I will write a short description here of some of the priors discussed on the paper and how they relate to commonly used algorithms.

Yoshua Bengio
Yoshua Bengio

The most common type of bias in machine learning is that of smoothness. This means that the function to be learned f is s.t. x ≈ y generally implies f(x) ≈ f(y). This roughly translates as “similar inputs should provide similar outputs”. Obviously, this is a reasonable assumption to make for lots of problems but also wrong for any situation where non-linearities are involved. This prior is first and foremost used in linear regression or any other similar method, such as the generalized linear model. This assumption can be relaxed in these methods with the introduction of non-linear terms (such as the square or the logarithm of a feature). This assumption is also quite strong in k-nearest neighbours.

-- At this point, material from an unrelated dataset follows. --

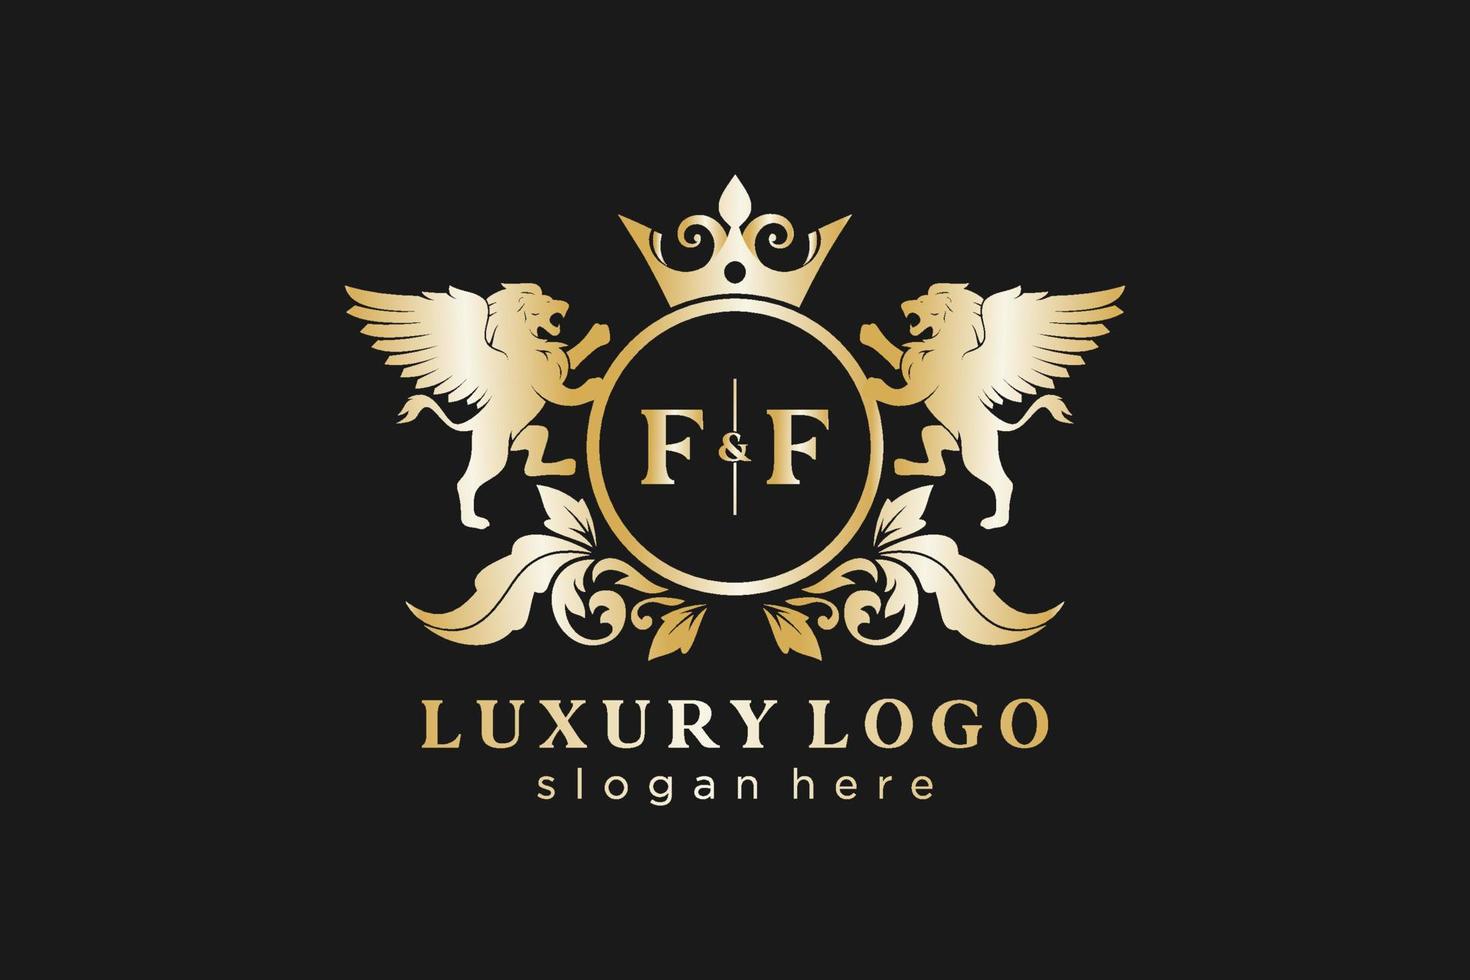 Initial ff Letter Lion Royal Luxury Logo Vorlage in Vektorgrafiken für Restaurant, Lizenzgebühren, Boutique, Café, Hotel, heraldisch, Schmuck, Mode und andere Vektorillustrationen. vektor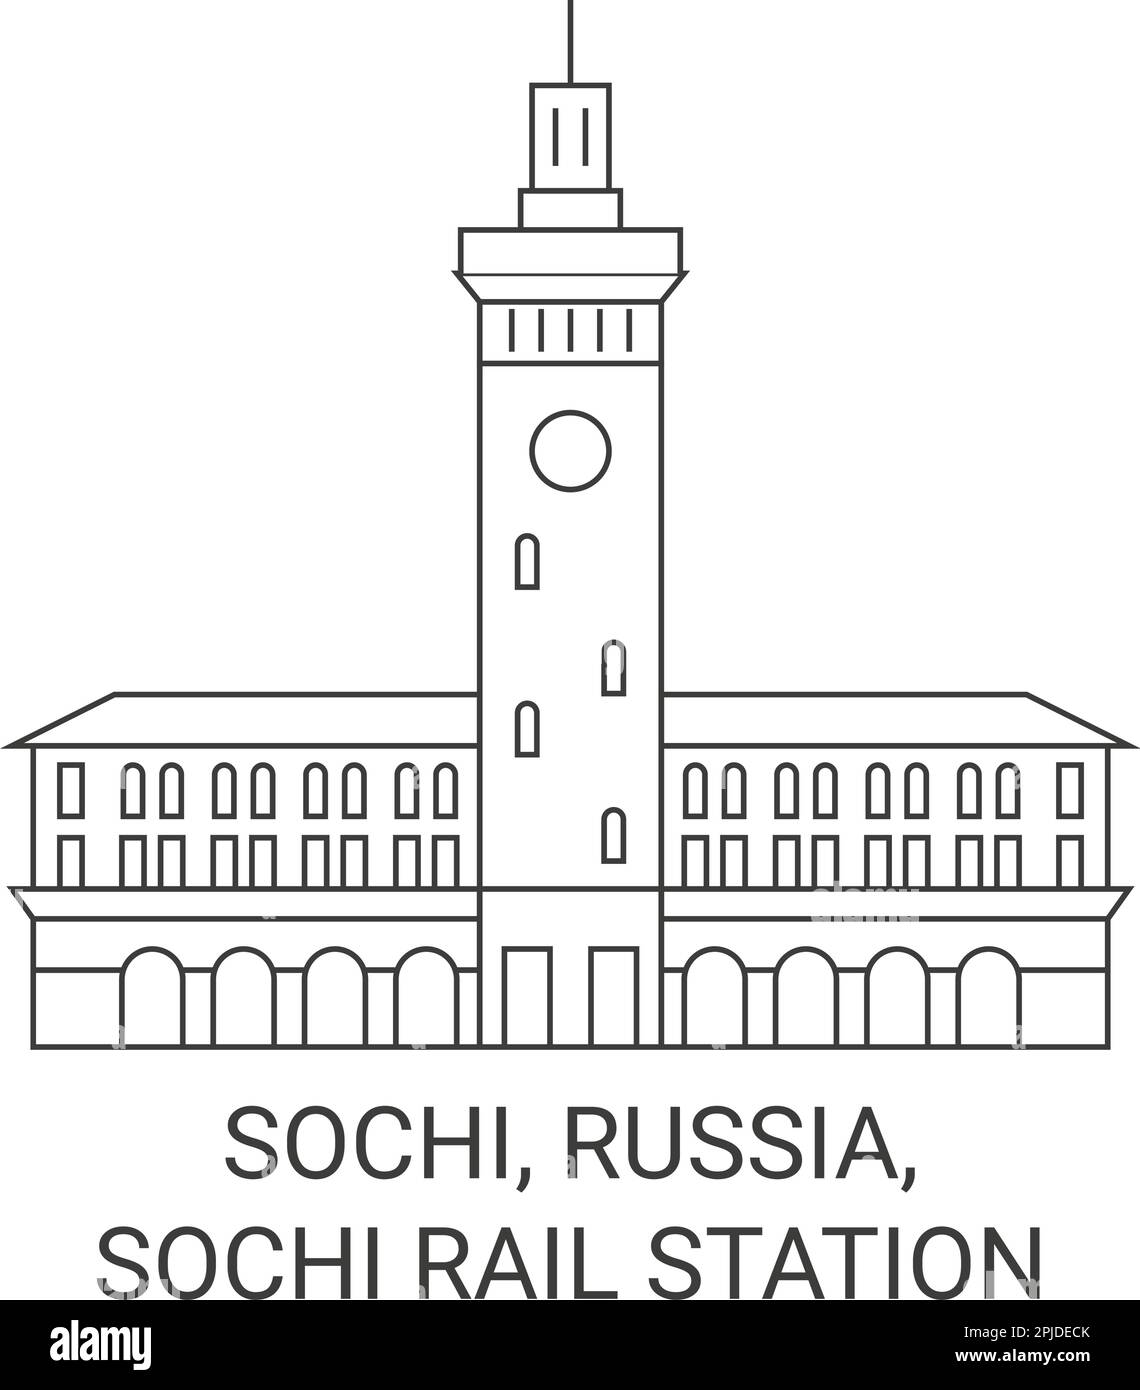 Russia, Sochi, Sochi Rail Station travel landmark vector illustration Stock Vector

Another type of prior that is commonly used is that of the hierarchical organisation of the explanatory factors. This is the primary assumption in models such as factor analysis or multilevel models. It is also one reason that deep neural nets have had so much success in visual and acoustic tasks, since the structure of these tasks is inherently hierarchical. Actually, our visual cortex is designed in a hierarchical function, as well.

multilevel model
Example of a multilevel model

Factor analysis is also involved in another prior, that of manifolds. According to this prior, the real space we are operating in has a lower dimensionality that the one suggested by the number of variables. The most common method for this type of problems is Principal Component Analysis. In the figure below you see an example of a dataset with two variables, where the true dimensionality of the problem is equal to 1. Even though there are two variables the data can be described quite well by moving alongside a single component. In that particular case, it might be advantageous to use this component in a supervised model, instead of the two original variables.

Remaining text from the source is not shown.